Thursday, February 25, 2010

QUIS CUSTODIET IPSOS CUSTODES
Means "Who Polices the Police?"


From the New Orleans Times-Picayune, courtesy of
Eschaton:

Police supervisor pleads guilty in Danziger
Bridge probe; plea deal blows case wide open


Retired New Orleans police Lt. Michael Lohman has pleaded guilty in federal court to one count of conspiracy to obstruct justice in the Danziger Bridge shootings, which left two people dead and four others injured after police fired on a group of civilians trapped in the submerged city days after Hurricane Katrina.

Two men -- Ronald Madison, 40, who was mentally challenged, and James Brissette, 19 -- were killed. The survivors included a husband and wife, their two teenage children and a nephew.

Lohman, who helped orchestrate an elaborate cover-up of the crime, supervised the investigation and was at the scene on Sept. 4, 2005, according to an 11-page bill of information unsealed today.

According to the document, Lohman was aware that a subordinate planted a gun at the scene. He also wrote a 17-page police report full of lies about the incident and encouraged officers at the scene to remove shell casings.


More
here.

Yeah yeah, I know, it was crazy in the week after Katrina.

But this is waaay fucked up. Indeed, the officers who were actually involved in the shootings, and by "shootings" I mean "murders," had their charges dismissed in 2008 due to prosecutorial misconduct. This plea deal may very well be the legal grease needed to open up a new prosecution. And that, at least, is a good thing.

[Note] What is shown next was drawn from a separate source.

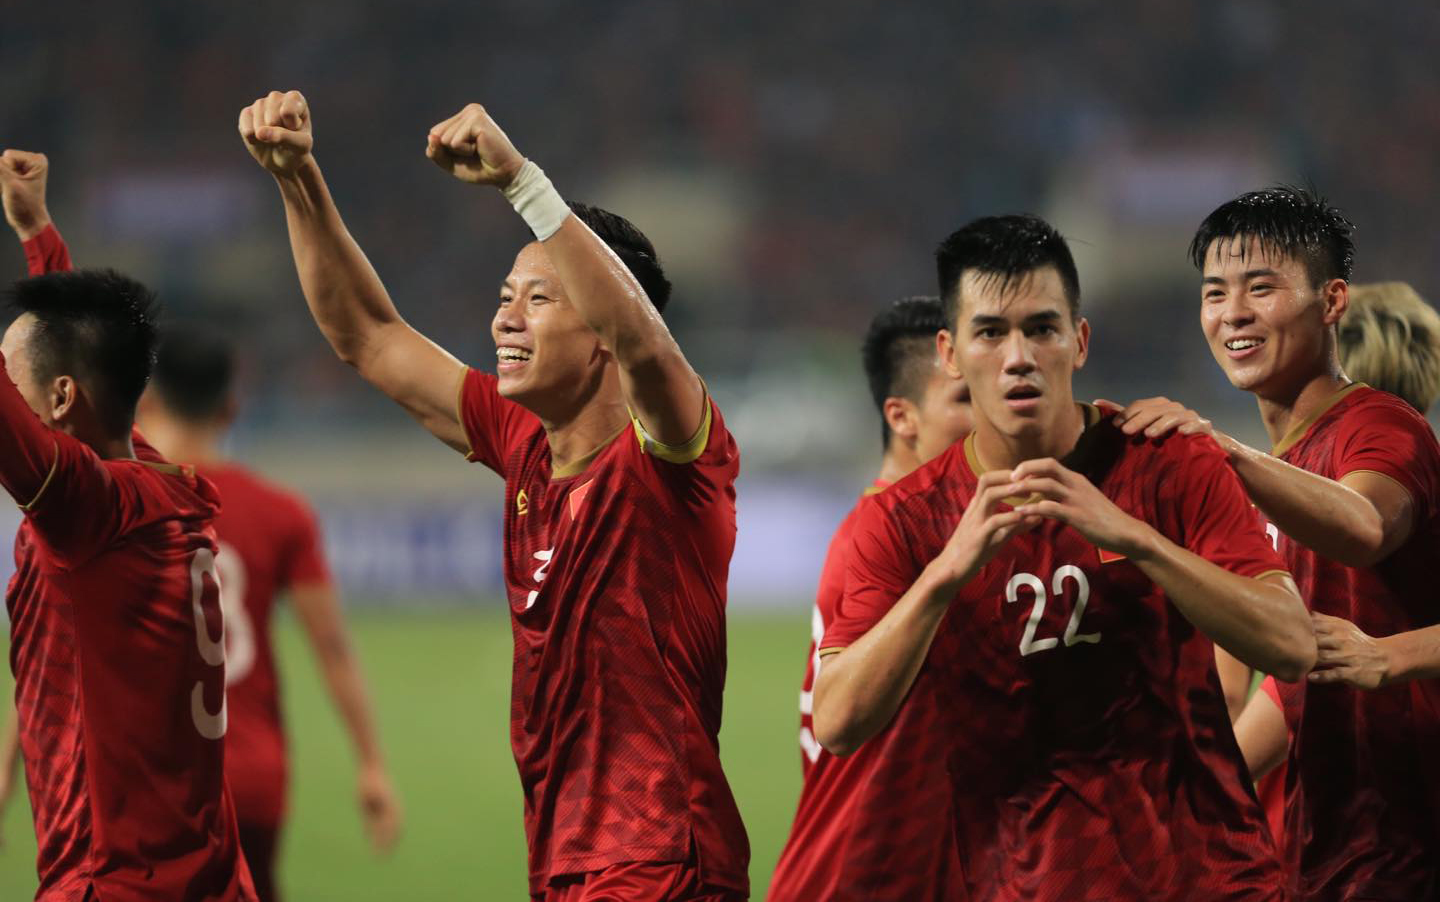 Để có được niềm vui như đã có tại vòng loại (thứ 2) World Cup 2022 (ảnh), đội tuyển Việt Nam cần được tạo điều kiện tốt nhất trong quá trình chuẩn bị trước khi bước vào vòng loại cuối cùng (khu vực châu Á) World Cup 2022.  						     Ảnh: ĐỨC CƯỜNG

More generally, this is an extreme example of what happens everyday. That is, police organizational cultures, nationwide, with their hyper-masculinity, intense authoritarianism, and us-versus-them attitudes, actually make incidents like the Danziger Bridge case likely. I mean, sure, the NOPD has a reputation for being among the worst in the nation in terms of corruption and misconduct, but that, in itself, doesn't make them simply a bunch of "bad apples." Just do a Google search for "police brutality" or "police corruption" or "police misconduct." You'll get hundreds of recently written hits from legitimate news sources. This is all over the place: the wild West situation in New Orleans right after Katrina simply exposed the worst of what had been lurking there, indeed everywhere, already. The entire idea of policing in the US lays the attitudinal foundation for badge-and-gun despotism, and all it needs is a crisis of some sort to be unleashed.

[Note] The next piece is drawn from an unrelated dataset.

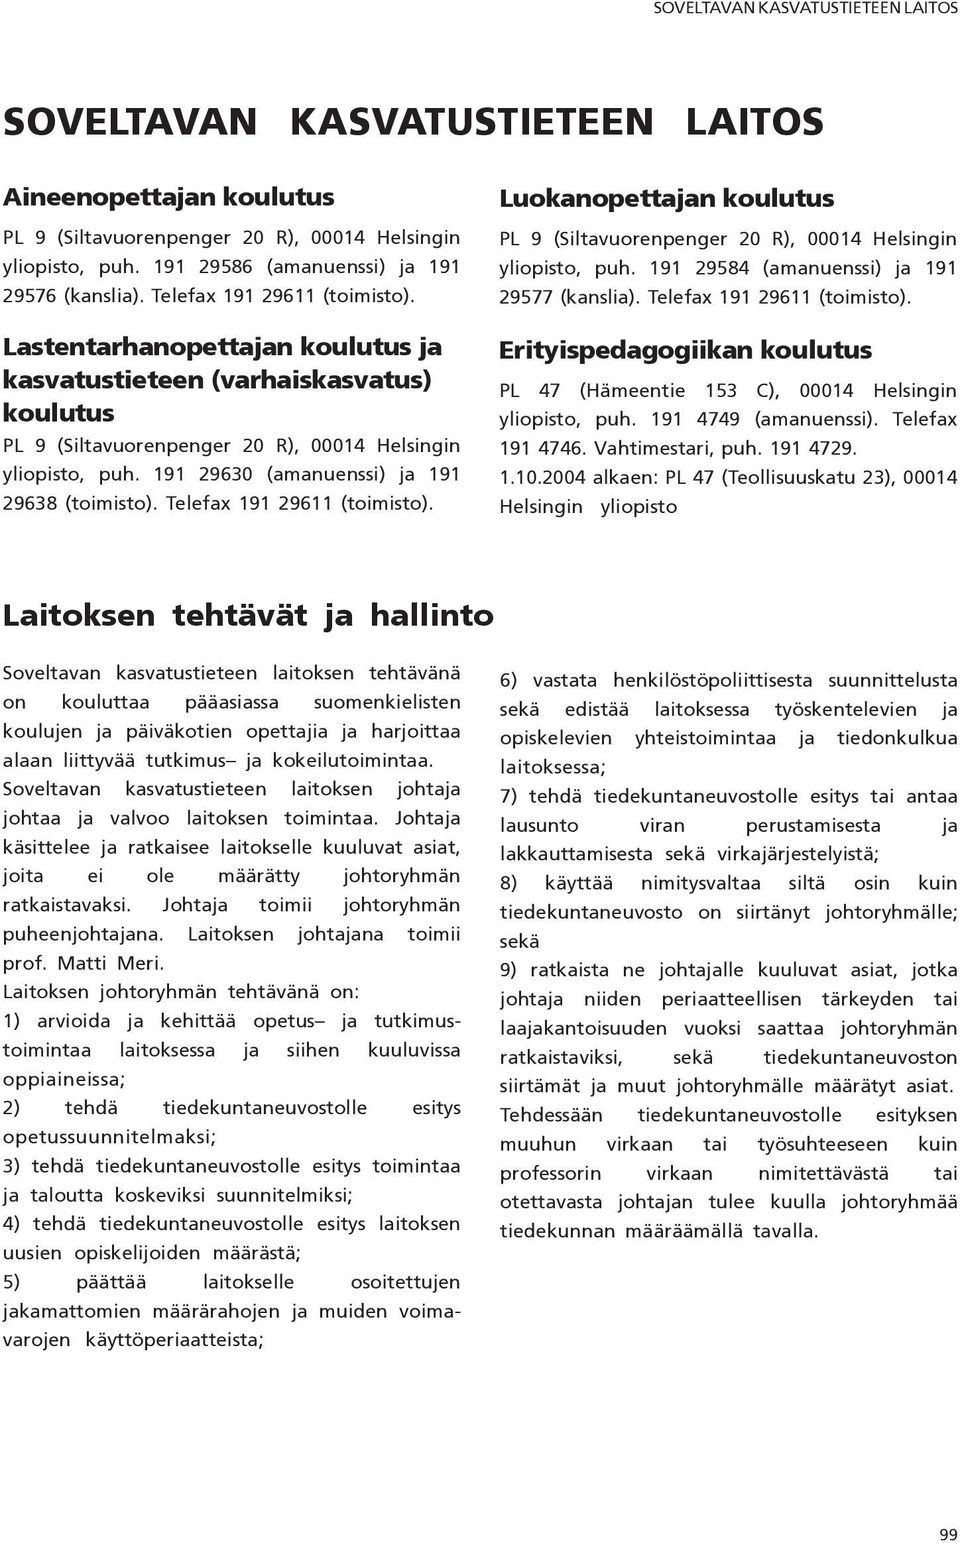 Lastentarhanopettajan koulutus ja kasvatustieteen (varhaiskasvatus) koulutus PL 9 (Siltavuorenpenger 20 R), 00014 Helsingin yliopisto, puh. 191 29630 (amanuenssi) ja 191 29638 (toimisto).

Perhaps the pre-existing condition of extreme urban despair in the Crescent City is the soft-touch crisis that gave NOLA cops their bad rep in the first place--I mean, suburban cops don't have to be brutal; they're in relative heaven. But trust me, this could happen anywhere under the right circumstances.

And it doesn't have to be that way. Organizational cultures can and do change. All that's needed is the will to make it happen. Unfortunately, it appears that virtually no one is talking about police misconduct in terms of culture. I don't expect law enforcement Nirvana to happen anytime soon.